The upper layer processing unit 202 acquires the decrypted data such as DL-SCH and BCH from the receiving unit 212. The upper layer processing unit 202 generates HARQ-ACK from the error detection result of the DL-SCH. The upper layer processing unit 202 generates SR. The upper layer processing unit 202 generates a UCI including HARQ-ACK / SR / CSI (including a CQI report). Further, when the DMRS configuration information is notified by the upper layer, the upper layer processing unit 202 inputs the information regarding the DMRS configuration to the control unit 204. The upper layer processing unit 202 inputs the UCI and UL-SCH to the transmission unit 206. A part of the functions of the upper layer processing unit 202 may be included in the control unit 204.

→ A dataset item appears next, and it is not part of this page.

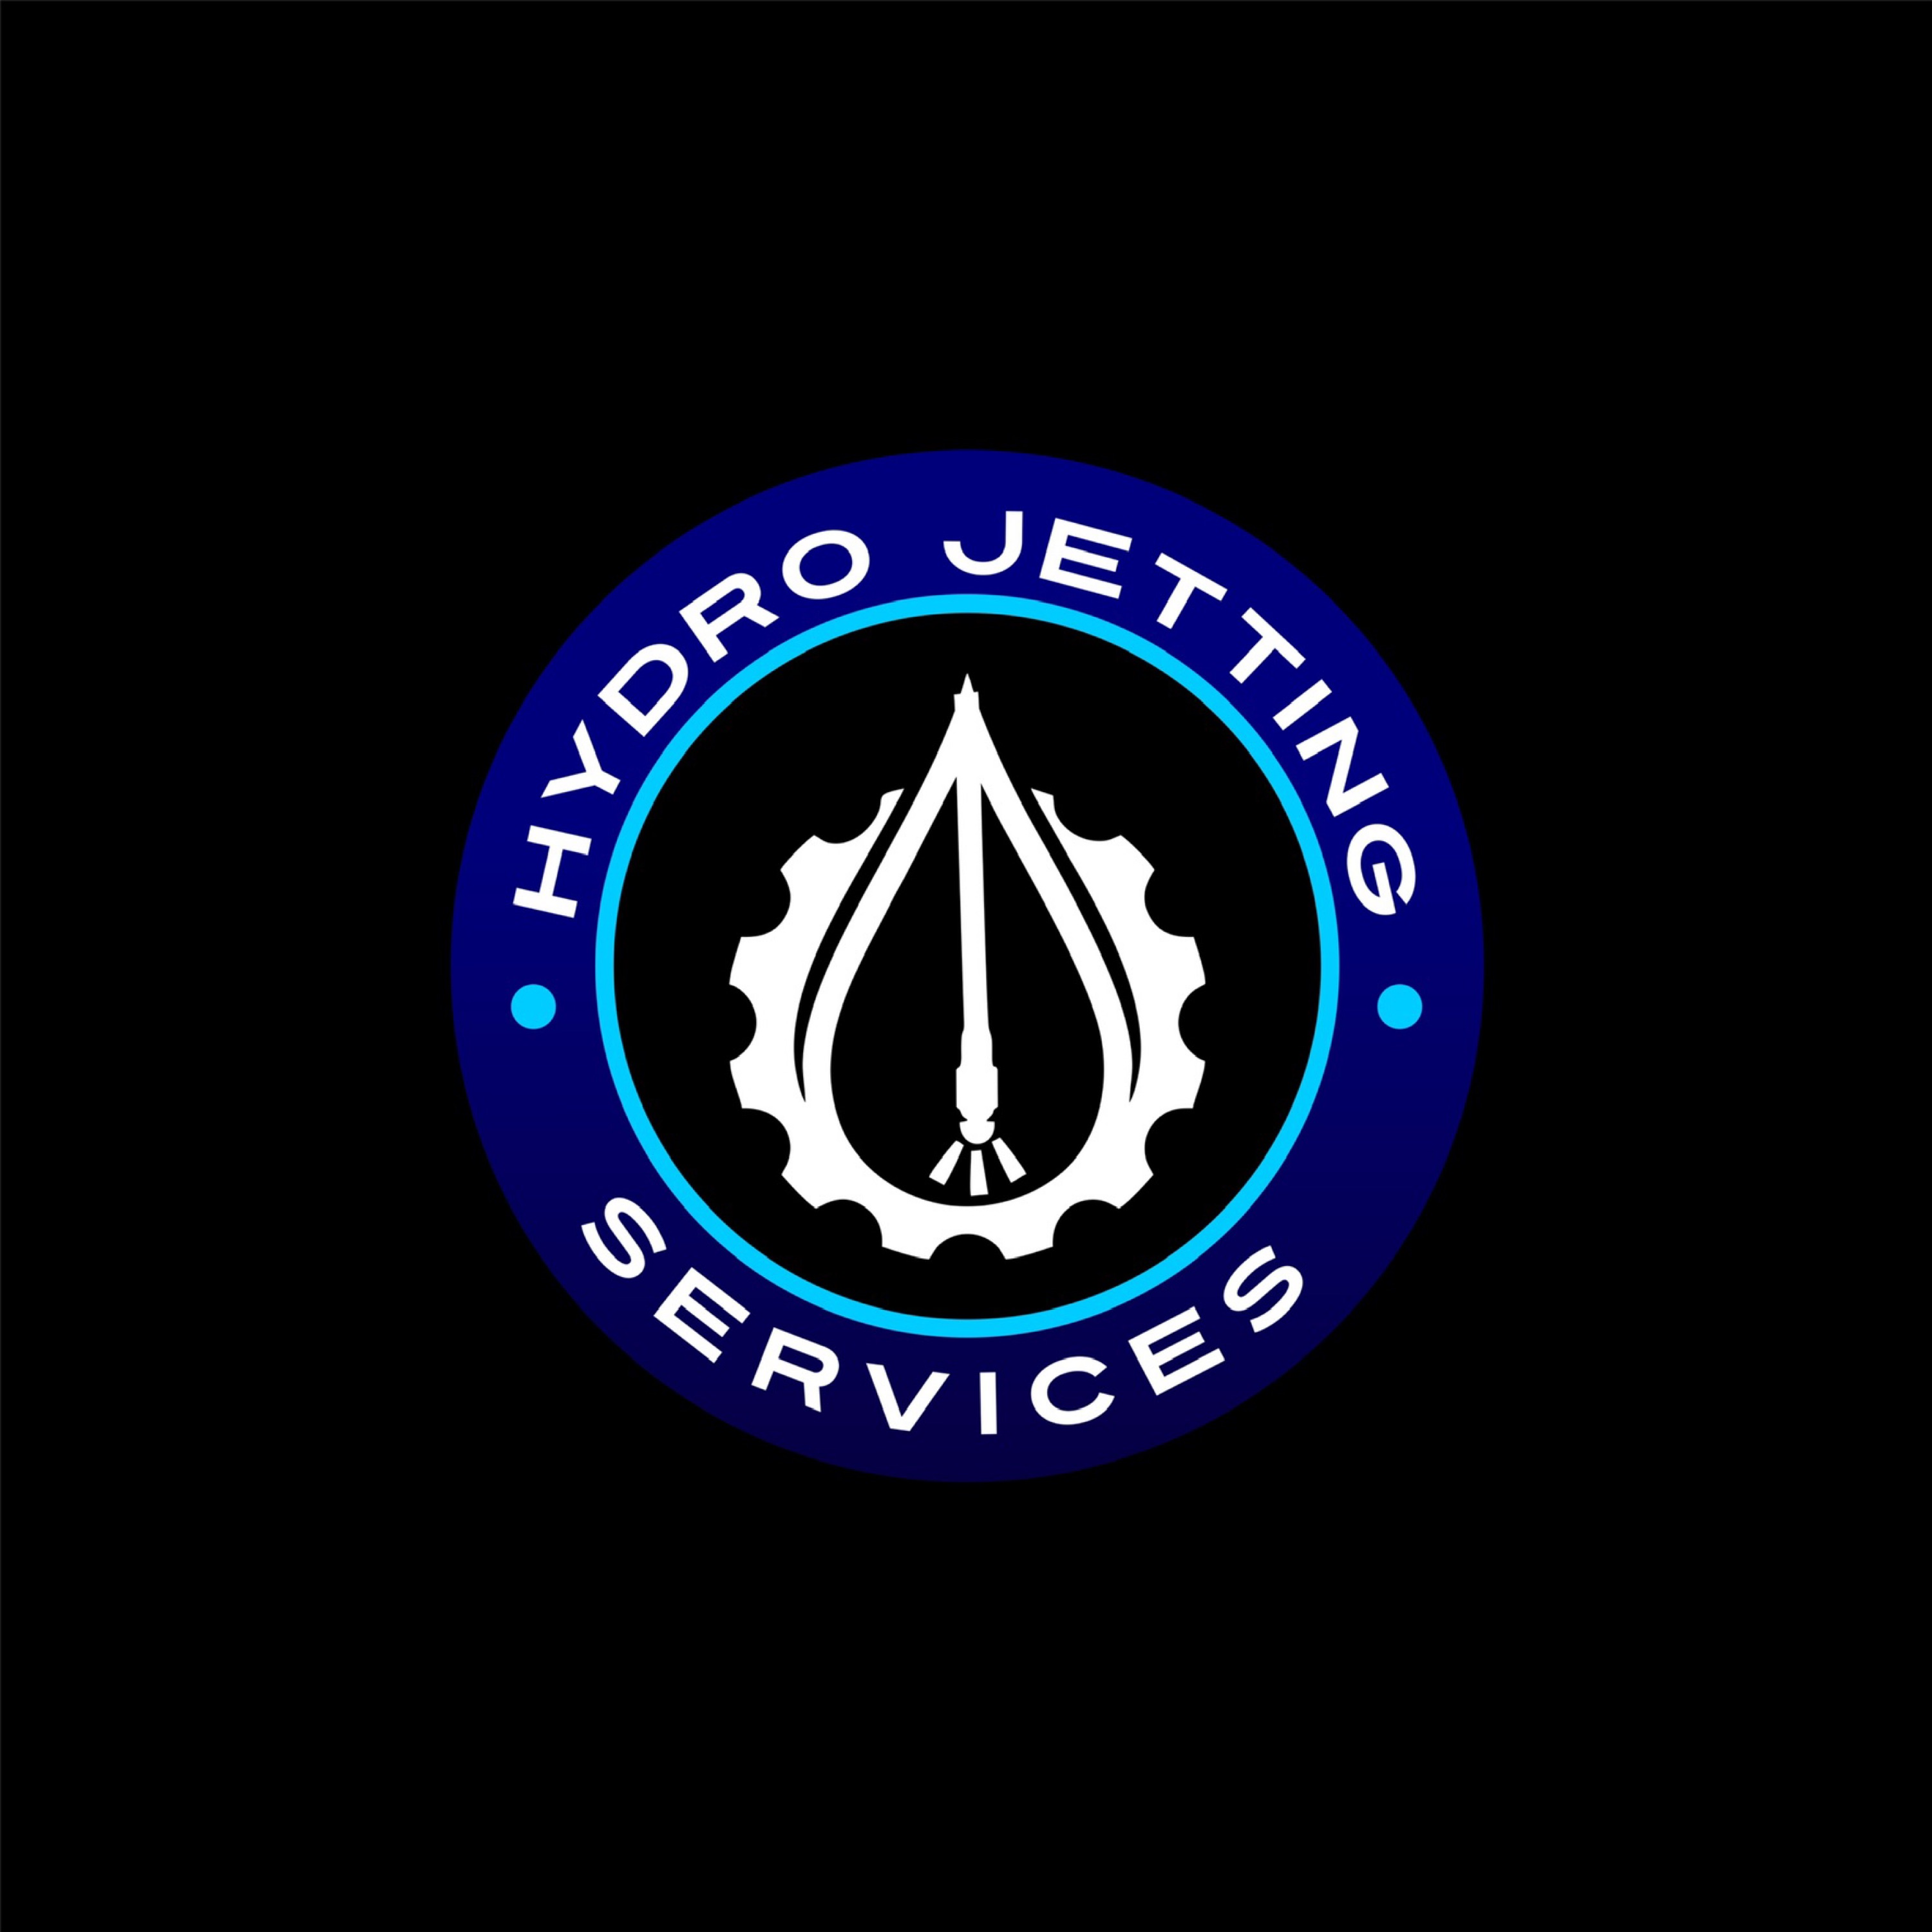 Perdomo Rogel Hydro Jetting Services Logo

The control unit 204 interprets the downlink control information (DCI) received via the reception unit 212. The control unit 204 controls the transmission unit 206 according to the PUSCH scheduling / MCS index / TPC (Transmission Power Control) acquired from the DCI for uplink transmission. The control unit 204 controls the reception unit 212 according to the PDSCH scheduling / MCS index acquired from the DCI for downlink transmission. Further, the control unit 204 specifies the frequency arrangement of the DMRS according to the information regarding the frequency arrangement (port number) of the DMRS included in the DCI for downlink transmission and the DMRS configuration information input from the upper layer processing unit 202. ..

The transmission unit 206 includes a coding unit (coding step) 2060, a modulation unit (modulation step) 2062, an uplink reference signal generation unit (uplink reference signal generation step) 2064, and an uplink control signal generation unit (uplink control signal). The generation step) 2066, the multiplex unit (multiplex step) 2068, and the wireless transmission unit (radio transmission step) 2070 are included.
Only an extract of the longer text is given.